Study design and sample collection. (A) STARD flow diagram of the cohort study. A total of 60 patients were enrolled and completed the study. For each patient, 4 separate blood draws were collected within a 6.5-hour window in a single day (mean ±SD, 3 ± 1 hour). Collections at t₁ and t₄ were split into 6 tubes to evaluate technical variability from 2 major clinical testing services (Lab 1, LabCorp; Lab 2, Quest Diagnostics). Theranos samples were collected from 2 separate retail locations at t₂ and t₃. (B) Panel of histograms showing the time between blood collections for the (top) first set of finger prick and venipuncture draws (t₂–t₁), (middle) Theranos samples (t₃–t₂), and (bottom) overall study (t₄–t₁).

Table 1

Catalog of clinical laboratory tests

Theranos reports more measures outside their normal range. We assessed reporting of lab test results based on collection technologies and processes that were in service in July of 2015. In accordance with clinical testing guidelines, each service provided test-specific reference ranges that reflect normal ranges based on the analytical instrument used and calibration samples evaluated. The percentages for measurements outside their normal range were 8.3%, 7.5%, and 12.2% for LabCorp, Quest, and Theranos, respectively (Figure 2A). Although LabCorp and Quest showed no significant difference in the rates of their tests outside the reference range, the odds that Theranos reported a measurement outside its normal range compared with the other services was 1.6 (95% CI, 1.4–1.8, P = 3.1 × 10^–19).

Figure 2

Lab test values reported outside of their reference range. (A) Panel of test results displayed as a 2-dimensional heatmap. Each row represents one of the 60 subjects, and the columns aggregate the multiple measurements collected for each subject and testing service (6 measurement for Labs 1 and 2; 2 measurements for Theranos) (Lab 1, LabCorp; Lab 2, Quest Diagnostics). The column for each lab test is ordered from left to right by LabCorp, Quest, and Theranos. Colored squares indicate if at least one measurement is outside the normal range high (purple) or low (green). The horizontal bar chart alongside the rows of the heatmap reflects the percent of measurements outside the normal range at the individual level. All percentages represent 100× the number of measurements outside the normal range divided by the total number of measurements collected. (B) Comparison between percentage of tests outside the normal range across all subjects and multiple measurements for Theranos and the other labs (average of LabCorp and Quest). (C) Ratio of the tests outside their normal range — Theranos versus the mean value of LabCorp and Quest. Dashed horizontal line reflects a ratio of 1.6, which is the odds ratio for out-of-range tests between Theranos and the other labs. LDL ranges evaluated using normal LDL-C ranges and individual LDL-C measures reported directly by each provider. All comparisons made using reference ranges provided by individual testing services. Directly measured LDL values were used for Theranos.
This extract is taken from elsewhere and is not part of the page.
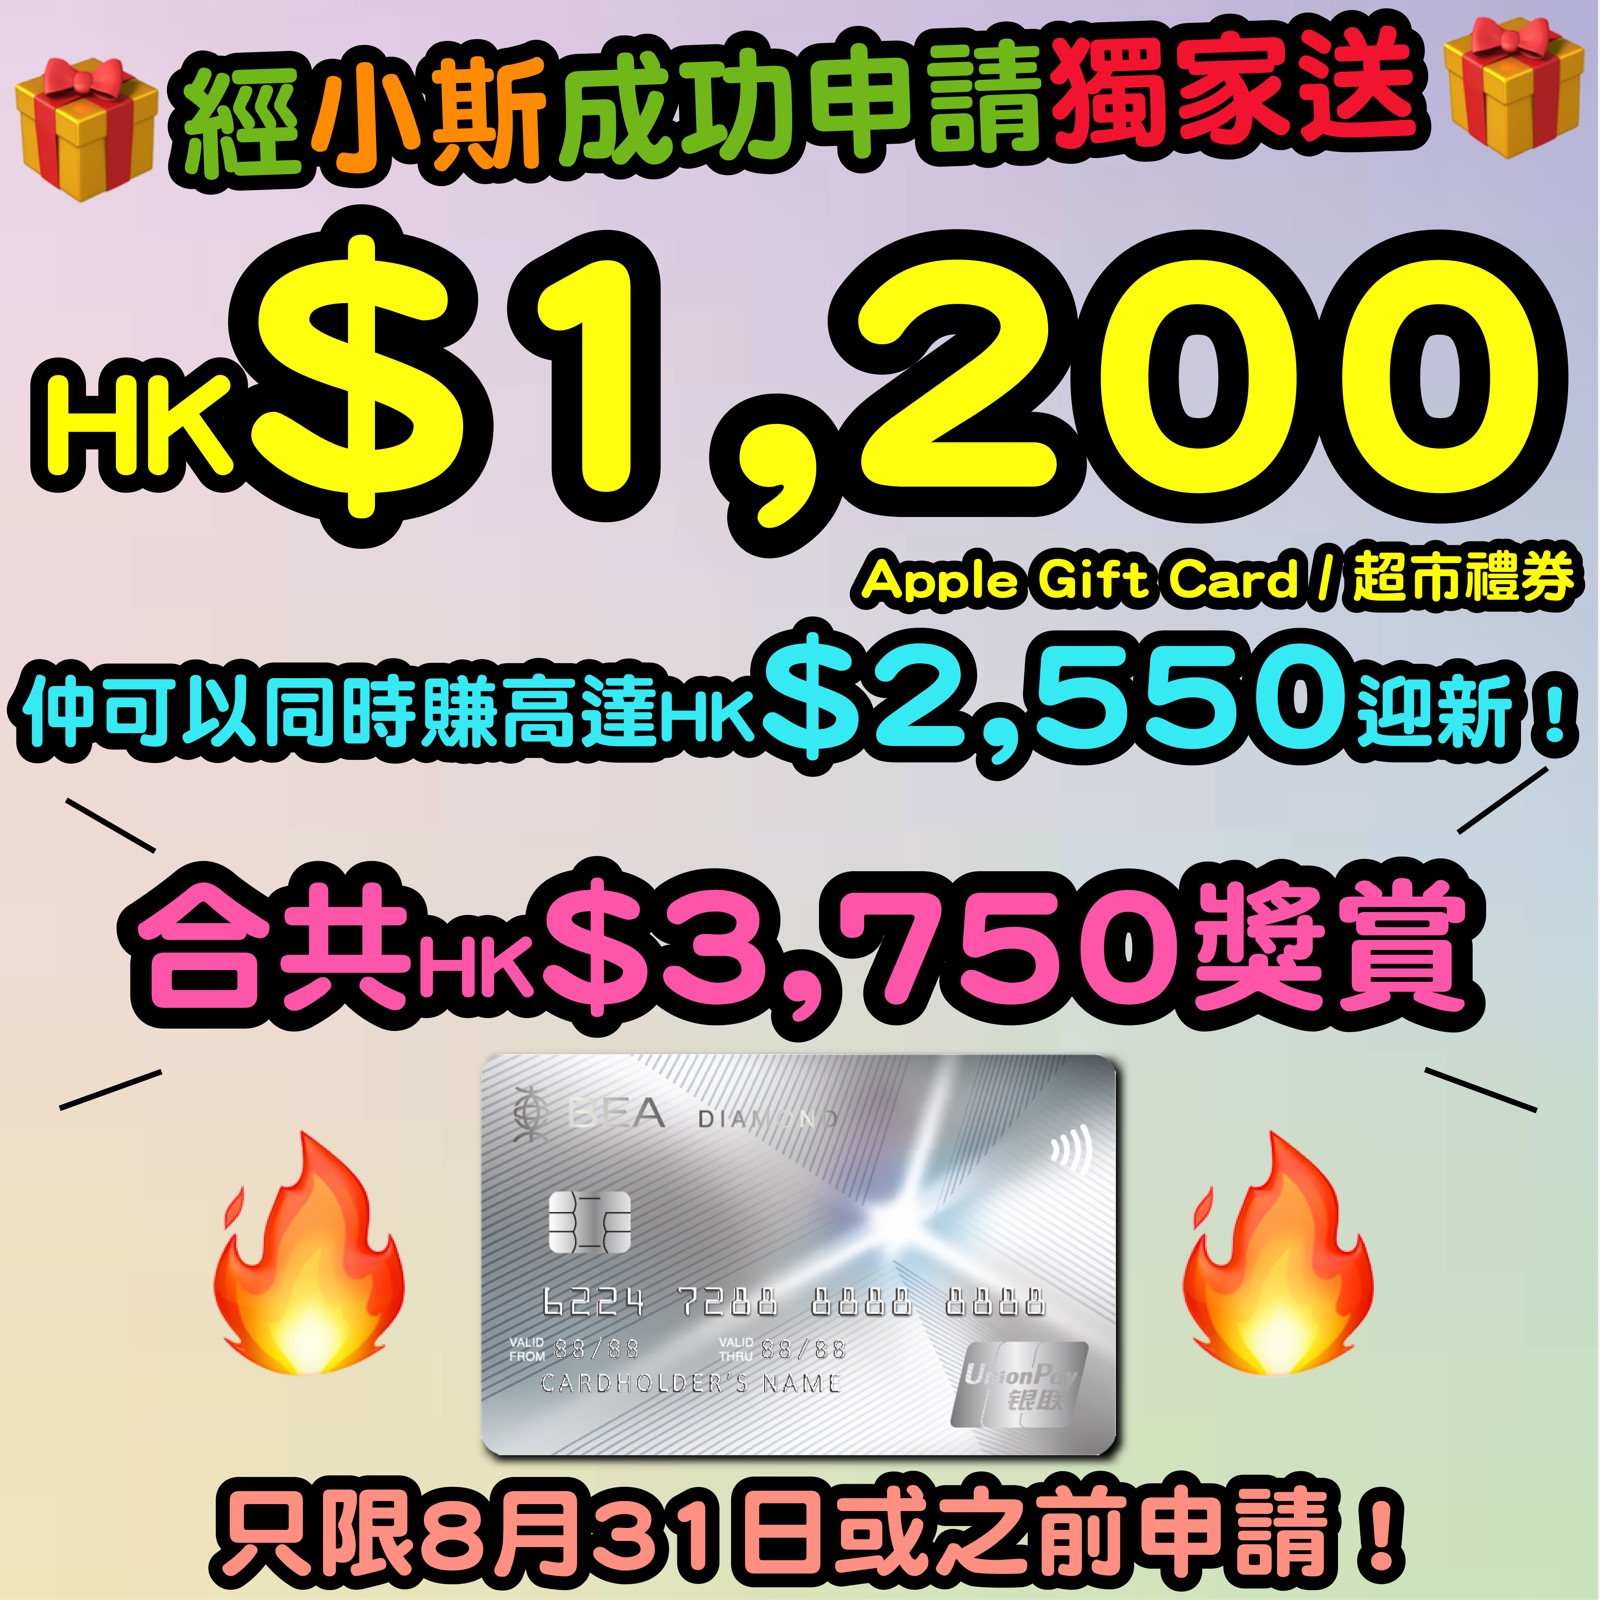 【東亞銀行銀聯雙幣鑽石信用卡小斯優惠】新客戶經小斯申請並用推薦碼「BEAUPD22」，簽賬HK$300有HK$400 Apple Gift Card 或 超市禮券！仲可以同時賺高達HK$2,550迎新！合共HK$2,950獎賞！

To understand the out-of-range values across lab tests and at the individual level, we compared the percentage of tests that were outside their normal range for all testing services (Figure 2, A and B). The percentages represent 100× the number of measurements outside the normal range divided by the total number of measurements collected by each service. At the individual level, the Theranos rates were highest in 48 of 60 subjects. We found the Theranos rates exceeded the other services in this study for 12 tests (Figure 2B). Specifically, the results for mean corpuscular hemoglobin concentration (MCHC), lymphocytes, and cholesterol components exceeded the expected out-of-range rates based on standard procedures to calibrate test reference ranges (Figure 2B). Moreover, for these select tests, the ratio of out-of-range rates between Theranos and the other labs ranged from 1.6 (low-density lipoprotein cholesterol [LDL-C]) to 4.5 (lymphocyte counts) (Figure 2C).

Testing services show nonequivalent test results. To understand transferability of test results among services, we examined test result equivalency among different blood testing services and collection technologies. We fit a linear mixed model (LMM) to the lab results to identify differences in the reported results that could be attributed to services only. When we controlled for age, sex, subject variability, and collection time, we found 15 of the 22 measurements showed significant interservice differences (P < 0.002, Figure 3). Our results showed that standard clinical services and low-volume blood tests have some measures that agree (e.g., triglycerides and rbc counts), whereas others differ significantly (e.g., wbc counts, mean corpuscular volume [MCV], cholesterol, high-density lipoprotein cholesterol [HDL-C]), where such differences could not be explained by differences in collection times or intrasubject variability at a given collection time.

Figure 3

Comparison of study population distributions among testing services. Small multiple graphs show the test-specific distributions over the entire cohort of 60 subjects for Lab 1 (LabCorp, blue), Lab 2 (Quest, yellow), and Theranos (red) testing services. Distributions based on Gaussian kernel density estimates (21). Asterisks highlight lab tests with a significant difference among testing services using a LMM for each test, while including age, sex, subjects, collection times, and testing service as covariates. To control the type I error, a Bonferroni correction was applied among all lab tests (*P < 0.002).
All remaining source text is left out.